According to one account, William H. Vanderbilt said “the public be damned” during an interview with reporters aboard a Chicago-bound train on October 7, 1882. A reporter asked whether his limited express trains pay or were run for the accommodation of the public? “Accommodation of the public?” replied Vanderbilt, “The public be damned!”
Here is how this incident was reported in the New York Sun of October 10, 1882 (p. 2):

Vanderbilt denied uttering the specific words, but his denial rang hollow because of his imperious attitude. Besides, what Vanderbilt said was completely valid, whether or not it was impolite. The New York Central was run for the benefit of its shareholders, not for the benefit of its riders.
At the time, the New York Central was in competition with the Pennsylvania RR for the prestigious New York to Chicago passenger route. The route was a showcase and—on each railroad—featured the best locomotives, well-appointed cars, and luxurious service.
Two decades later, the New York Central initiated the 20th Century Limited, running from Grand Central Station in New York City to LaSalle Street Station in Chicago. The 20th Century Limited would be the most profitable route of the New York Central. But, at the time of the interview, twenty years prior, the route lost money according to Vanderbilt. So why did the New York Central offer the service? There’s a sense in which the profitability of the route was irrelevant. It was run at a loss because the attention it attracted to the New York Central brought enough other business.
For one thing, there’s an old rule of thumb in railroading that you lose money on twenty percent of your lines. These money-losing lines wind up to be feeder lines for the profitable lines of the network. Actually, that’s only the way the numbers come out according to the accountants. Good businessmen sometimes have to see beyond the accounting figures to take into account inter-relations among their company’s products and services.
The same could be said of first-class service on the great ocean liners of the late 19th century. Similarly, top of the line models of car manufacturers come the next century. Indeed, famous basketball players might be paid to wear branded athletic shoes; and, fashion designers might compete to attire celebrities for marquee events. Come Thanksgiving, supermarkets might take a loss selling the turkey in order to generate sales of the trimmings. Business decisions often involve such complexities, but this doesn’t mean business isn’t focused on the bottom line.
Returning to William H. Vanderbilt, he was not a salaried man. His income was from dividends on his stock. His working on behalf of the shareholders of the New York Central coincided with his working for himself. This arrangement was facilitated by his inheritance. However, few people combine such a large inheritance with the talent and ambition needed to greatly expand on their fortune. Most people with large inheritances are too comfortable for the rough and tumble of business.
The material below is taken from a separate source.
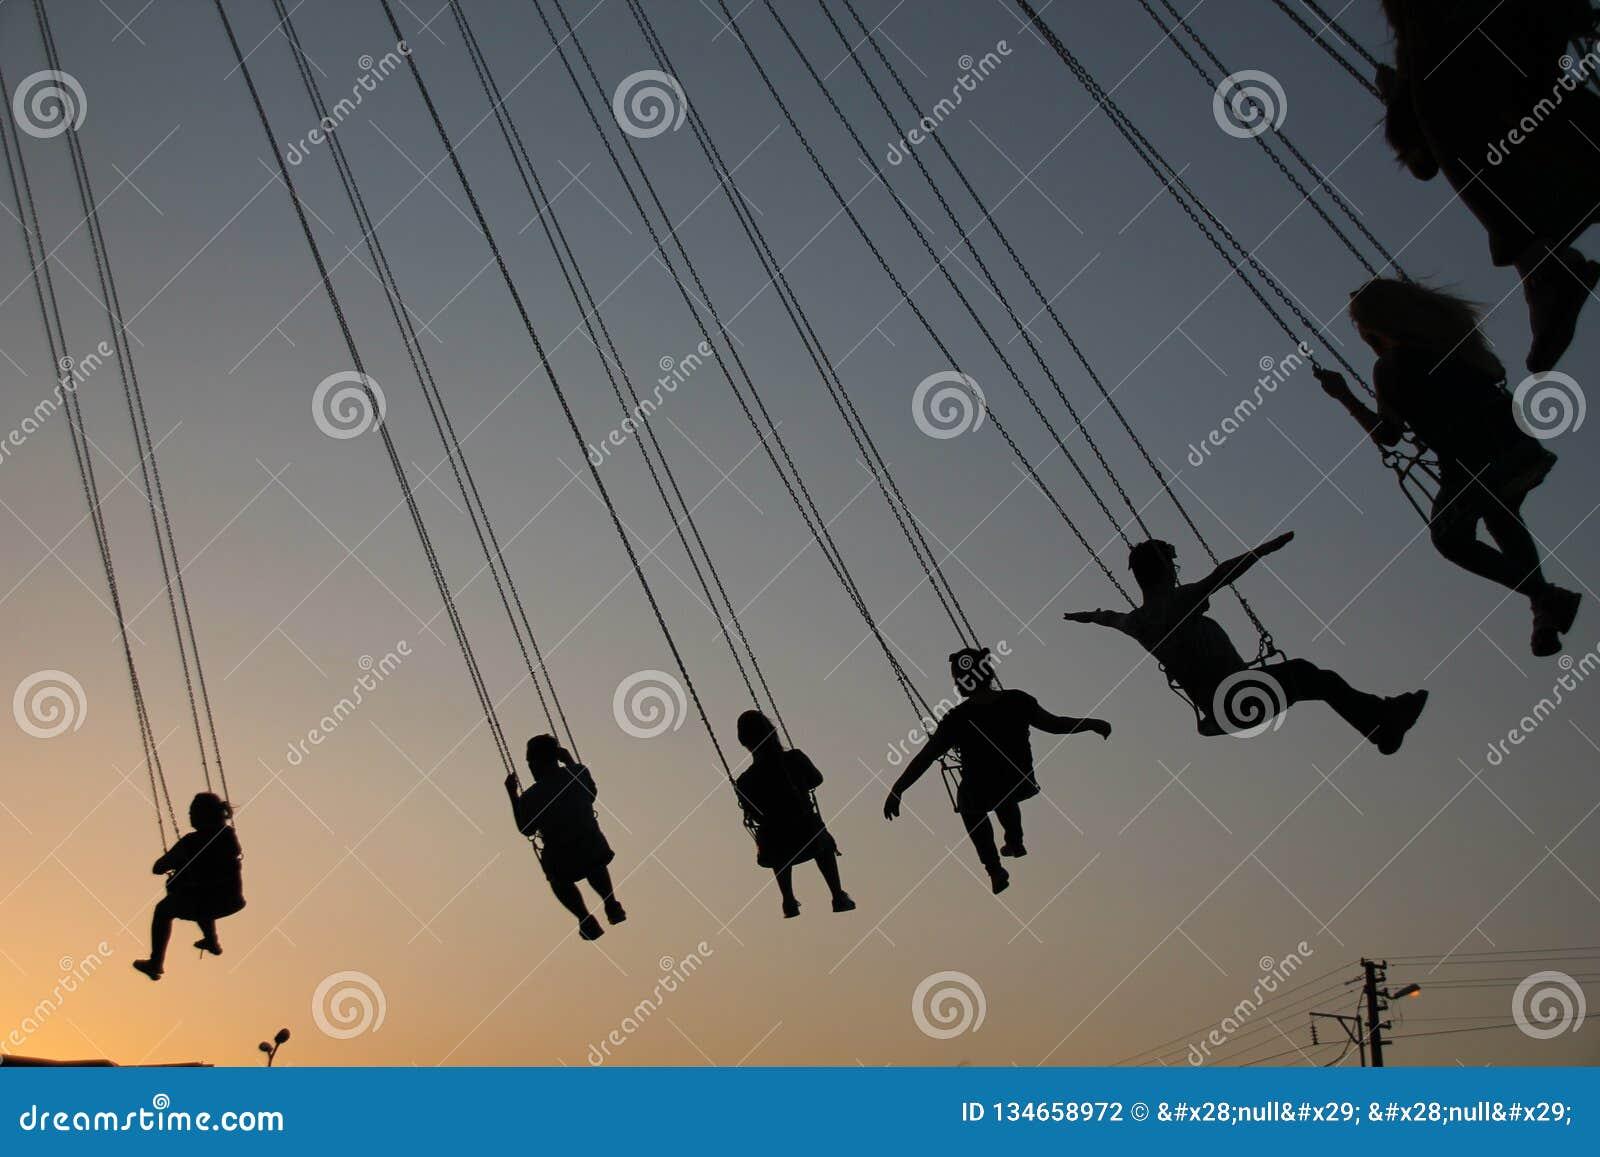 Silhouet van jongeren op Reuzenrad en slingerende carrousel in eindemotie op zonsondergangachtergrond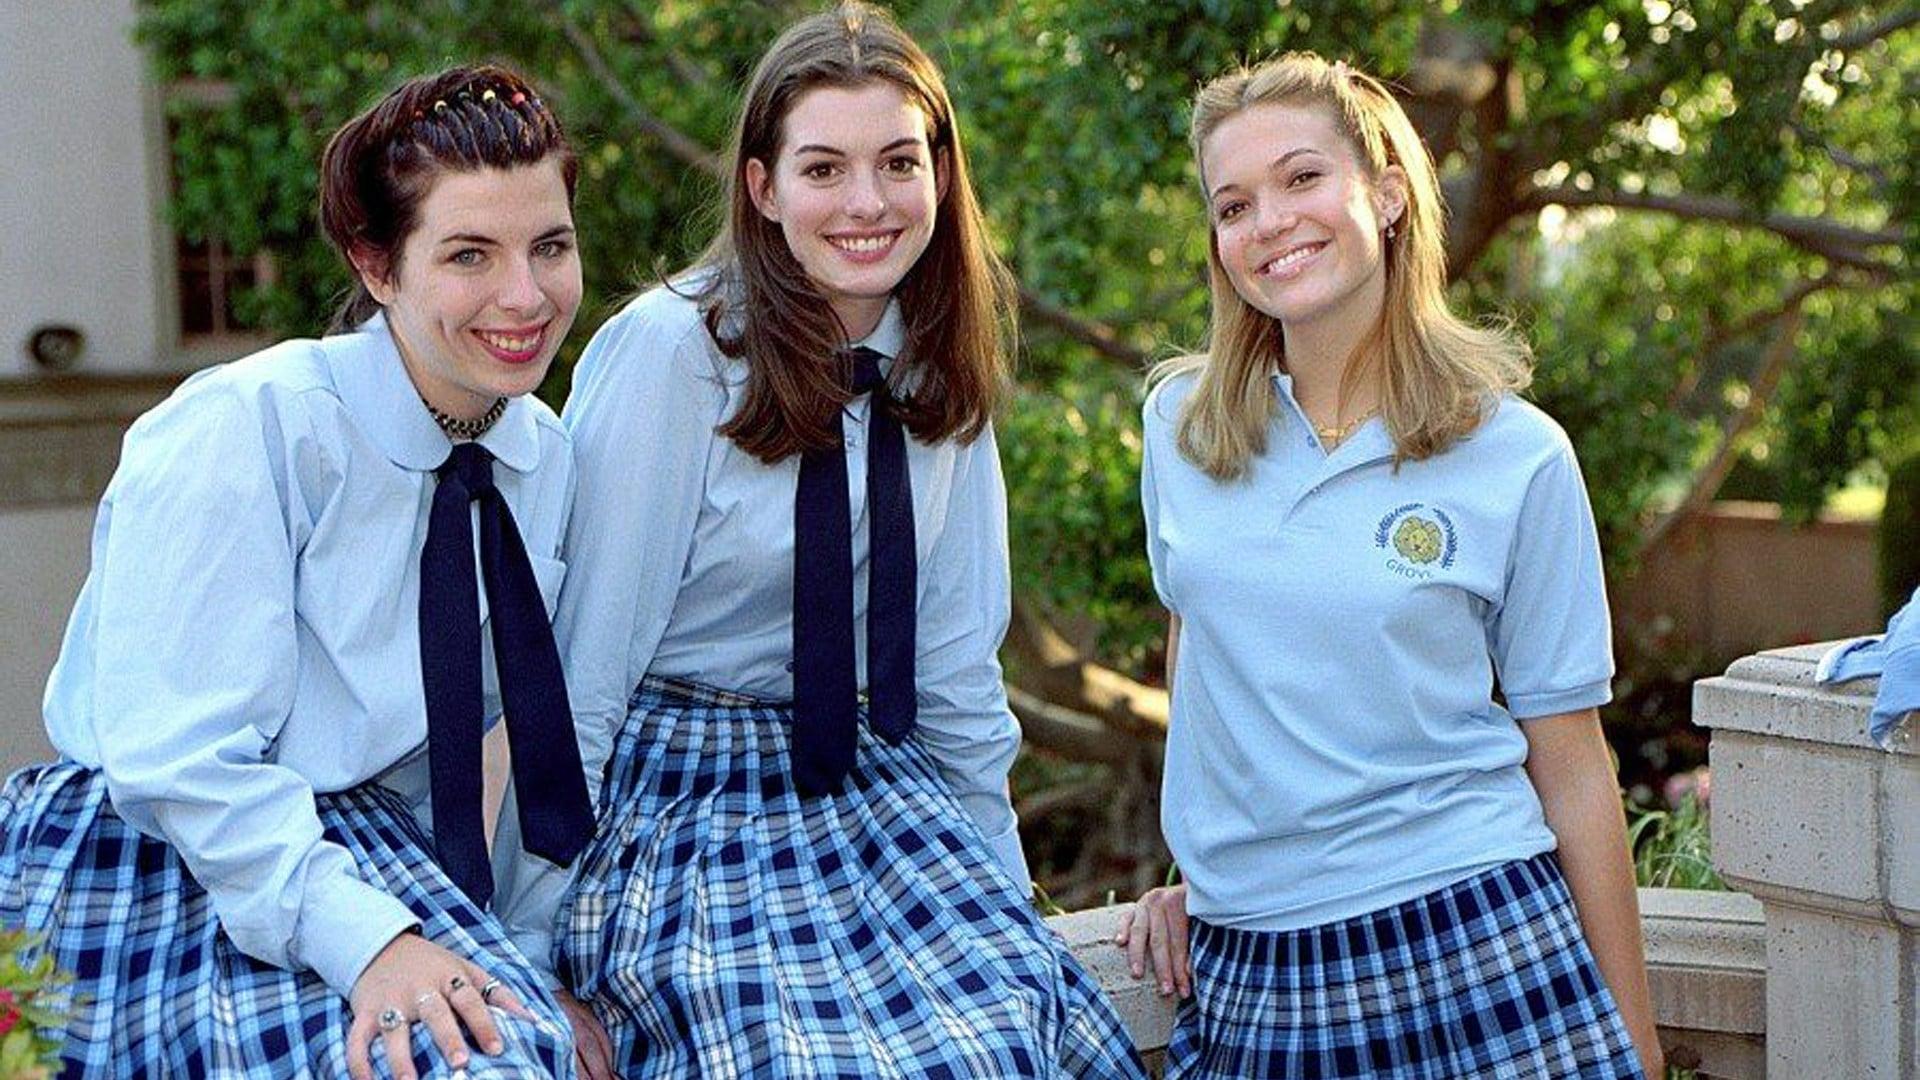 Meilleur film adolescent : les meilleurs films d

Hence, Vanderbilt’s uniqueness as a son of a person who was for a time the wealthiest man in the country, who himself became for a time the wealthiest man in the country.
We have some key owners of corporations today, such as Jeff Bezos of Amazon and Elon Musk of SpaceX. These key owners can be trusted by other shareholders because of their personal incentive for their companies to be profitable. But, mostly, corporations have to motivate managers who are not already wealthy to work on behalf of shareholders. Corporations do this mostly with management stock options. Raising the value of the firm can make managers with such stock options enormously wealthy. There are some problems with management stock options, but usually management stock options align the motivation of managers with the interests of shareholders.
Who do corporate managers work for the customers or the shareholders of their companies? We can correctly say that maximizing the value of the firm usually involves attending to all the firm’s stakeholders, including its customers. Thus understood, stakeholder capitalism is unexceptional. But, many who advocate stakeholder capitalism want to push attention to non-shareholder stakeholders beyond the limits of value maximization. No, value maximization should guide stakeholder capitalism. Even so, it isn’t advisable to say, “the public be damned.”